Джароэнчай задрал брови. Я испугалась, что выдала своё происхождение из маленького клана без амарда, но тут же сообразила, что представилась странствующей махарьяттой. У странствующих махары в принципе может быть только что в теле помещается.

– Вы выйдете замуж в огромный клан, – заметил меж тем Ниран. – Они там махару не считают. Зачерпнёте, сколько надо.

Я помотала головой.

– Послезавтра – это слишком поздно. И я вряд ли смогу зачерпнуть что-то в день свадьбы, то есть, на самом деле, выходит не меньше трёх дней. Они… – я затормозила, пока не проговорилась про свой клан и жертвоприношения. – Человек может умереть.

Губы Джароэнчая сложились в понимающее "о".

– Я посмотрю, что можно сделать прямо сегодня, – пообещал он. – Вы можете расположиться здесь, а я свяжусь с Кессарин насчёт обуви… И, мне кажется, Адульядеж хранит запас махары. Сколько вам нужно?

– Примерно сколько есть во мне, – сказала я, понятия не имея, может ли он определить на глаз. Махарьят бы смог, но…

– Я спрошу Кессарин, – пообещал он. – Она разбирается. Она у меня такая умница.

И на этой оптимистической ноте он откланялся, оставив при мне человека из своей свиты – то ли в качестве слуги, то ли присмотреть, чтобы не сбежала. Но мне незачем было сбегать. Пока что мой план претворялся в жизнь почти идеально и без моего участия. Я уверенно продвигалась в сторону Оплетённой горы и несла с собой смерть и разрушения.

Весёлые хлопоты

Джароэнчай вернулся в ночи – с низкими сандалиями и фиалом махары. Едва взяв его в руку, я поняла, что в нём даже больше, чем во мне.

– Часть выкупа за невесту от Саинкаеу, – прокомментировал Ниран. – Там таких ещё два ящика, Кессарин сцедила по чуть-чуть из каждого, никто не заметит.

Я ничего не ответила, пытаясь справиться с комком в горле. У Саинкаеу столько махары, что они могут отдать два ящика фиалов ценностью в мою жизнь. Никто не заметит… И это могущество они использовали, чтобы убить мою амардавику! Нет, их всё-таки ожидает самая страшная смерть, какую я смогу изобрести!
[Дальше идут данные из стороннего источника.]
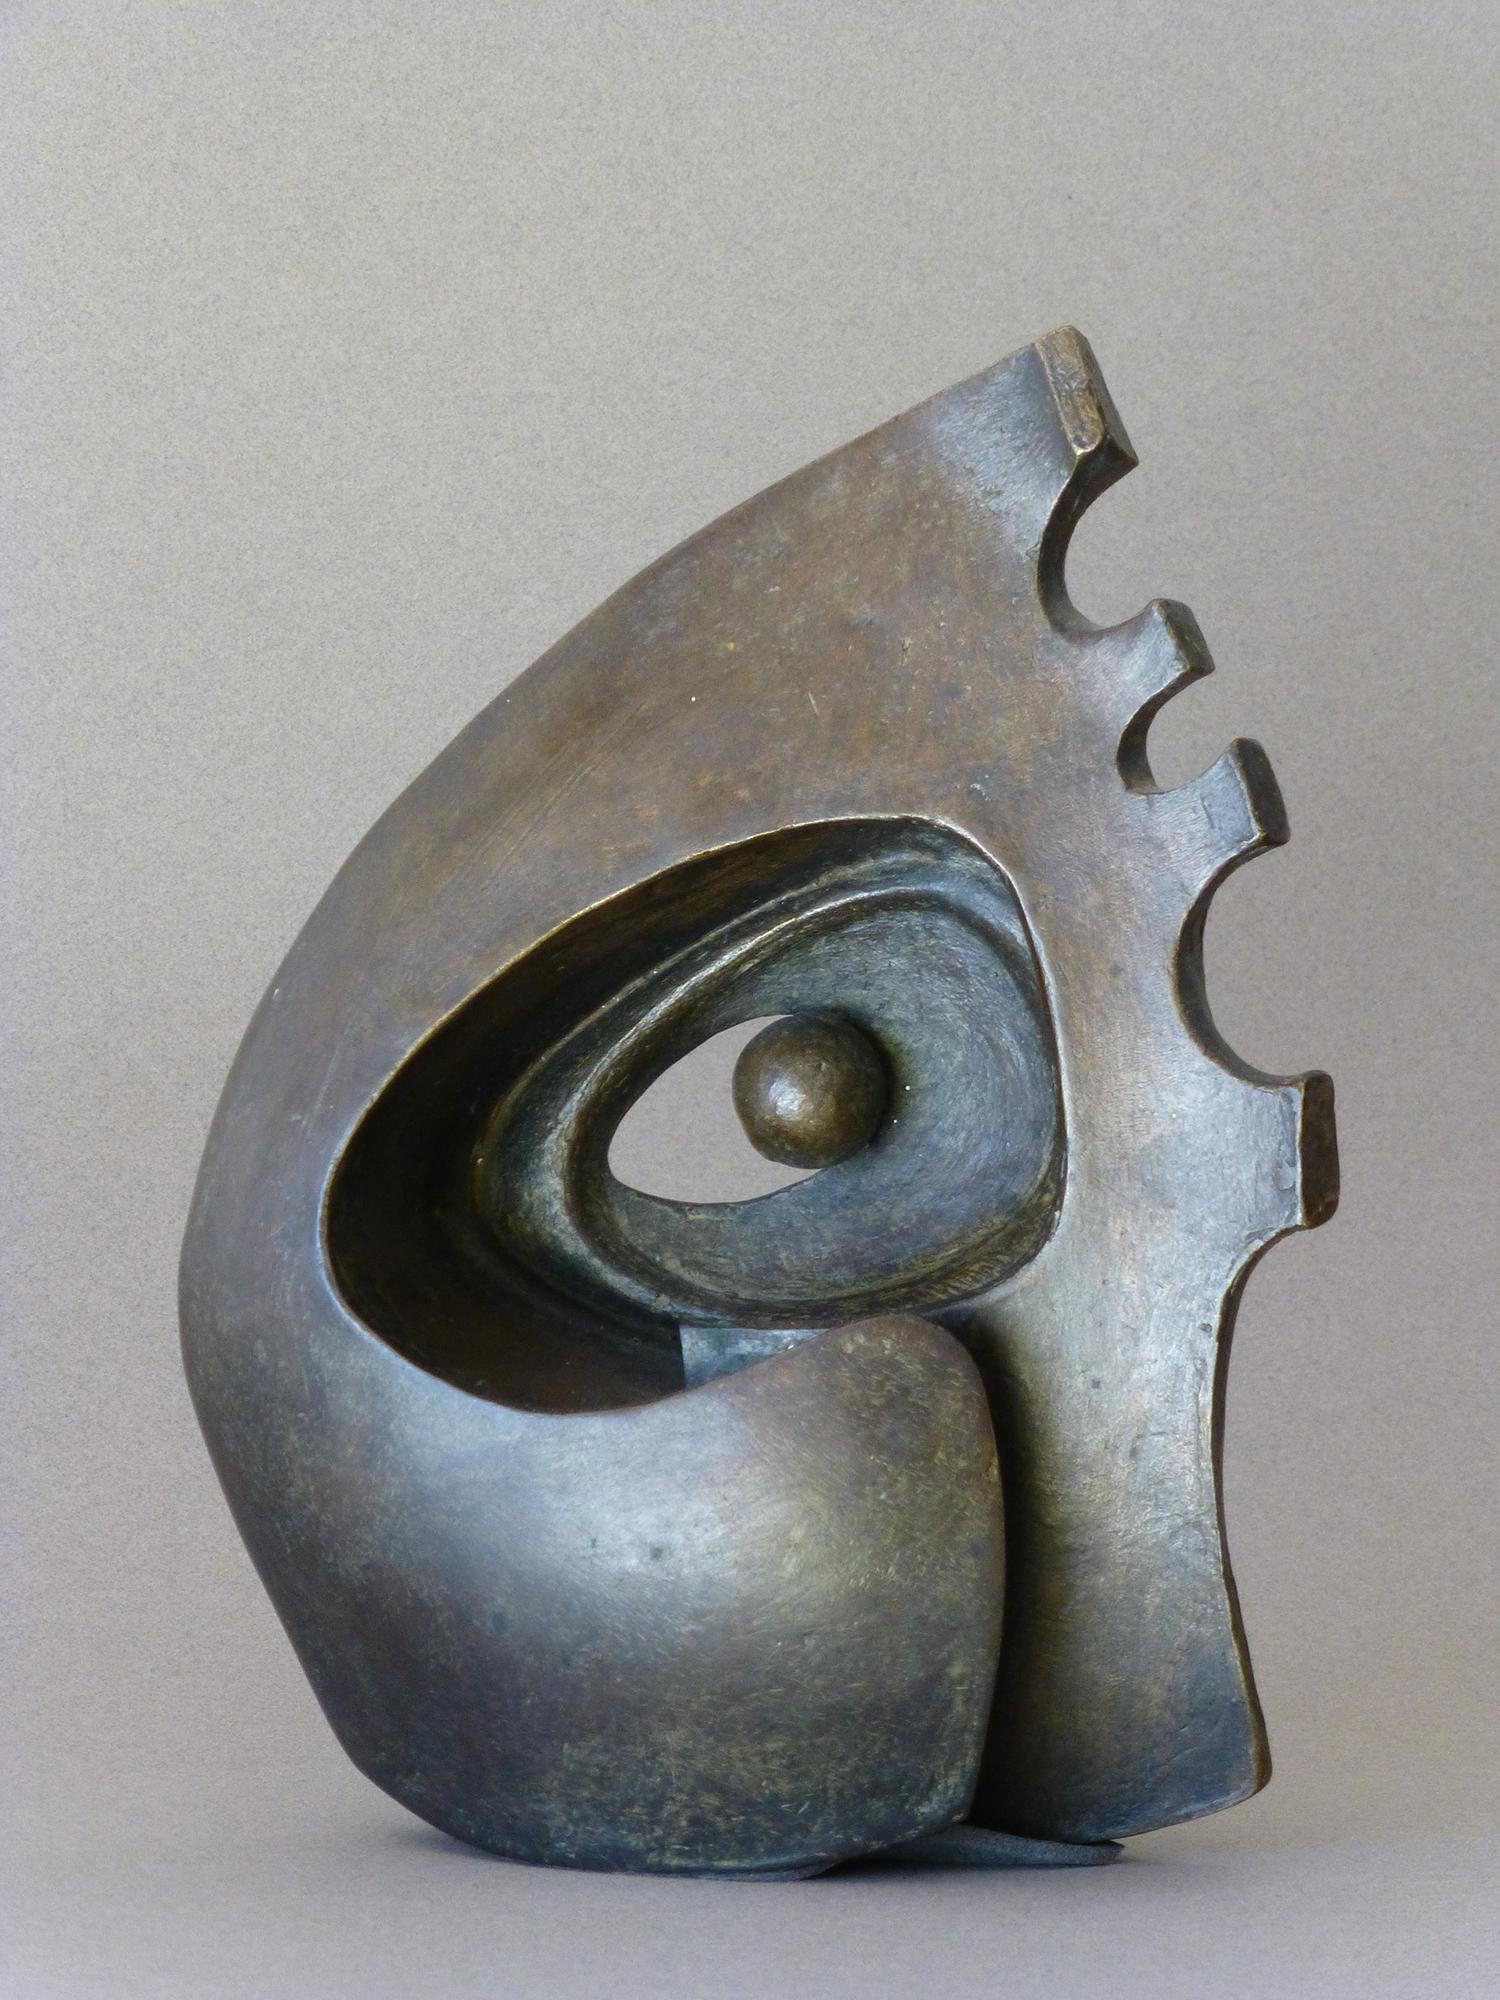 1976.8. Forma con bola, bronce, 25x20x08 cms. 1976

– Мне нужно уединиться, – выдавила я.

Не знаю, ответил ли Джароэнчай, но я уже поспешила прочь из гостиной, миновала комнату отдыха с выходом на террасу, потом утреннюю приёмную с дверями, вероятно, в спальню и кабинет, и наконец выскочила на лестницу с обратной стороны здания, по которой взбежала на второй этаж. Точнее, чердак. Треугольное пространство под скатами крыши стояло пустым, даже слуги и стражники не хранили здесь свои вещи. Как нельзя лучше.

Я достала уголёк в обёртке и принялась вычерчивать на полу символы. Стоило замкнуть первый круг, и они замерцали тихим голубоватым свечением, напомнившем мне о горной ба. Моя махара походила на демоническую, и не только цветом. Случалось, что сделанные мной амулеты другие махарьяты считали созданиями демонов. Отец говорил, это потому что я очень могущественна, а когда большое количество махары сплющено в маленьком теле, она меняет структуру и становится более похожей на демоническую. Демоны ведь тоже часто невелики ростом, а махары у них – обоз.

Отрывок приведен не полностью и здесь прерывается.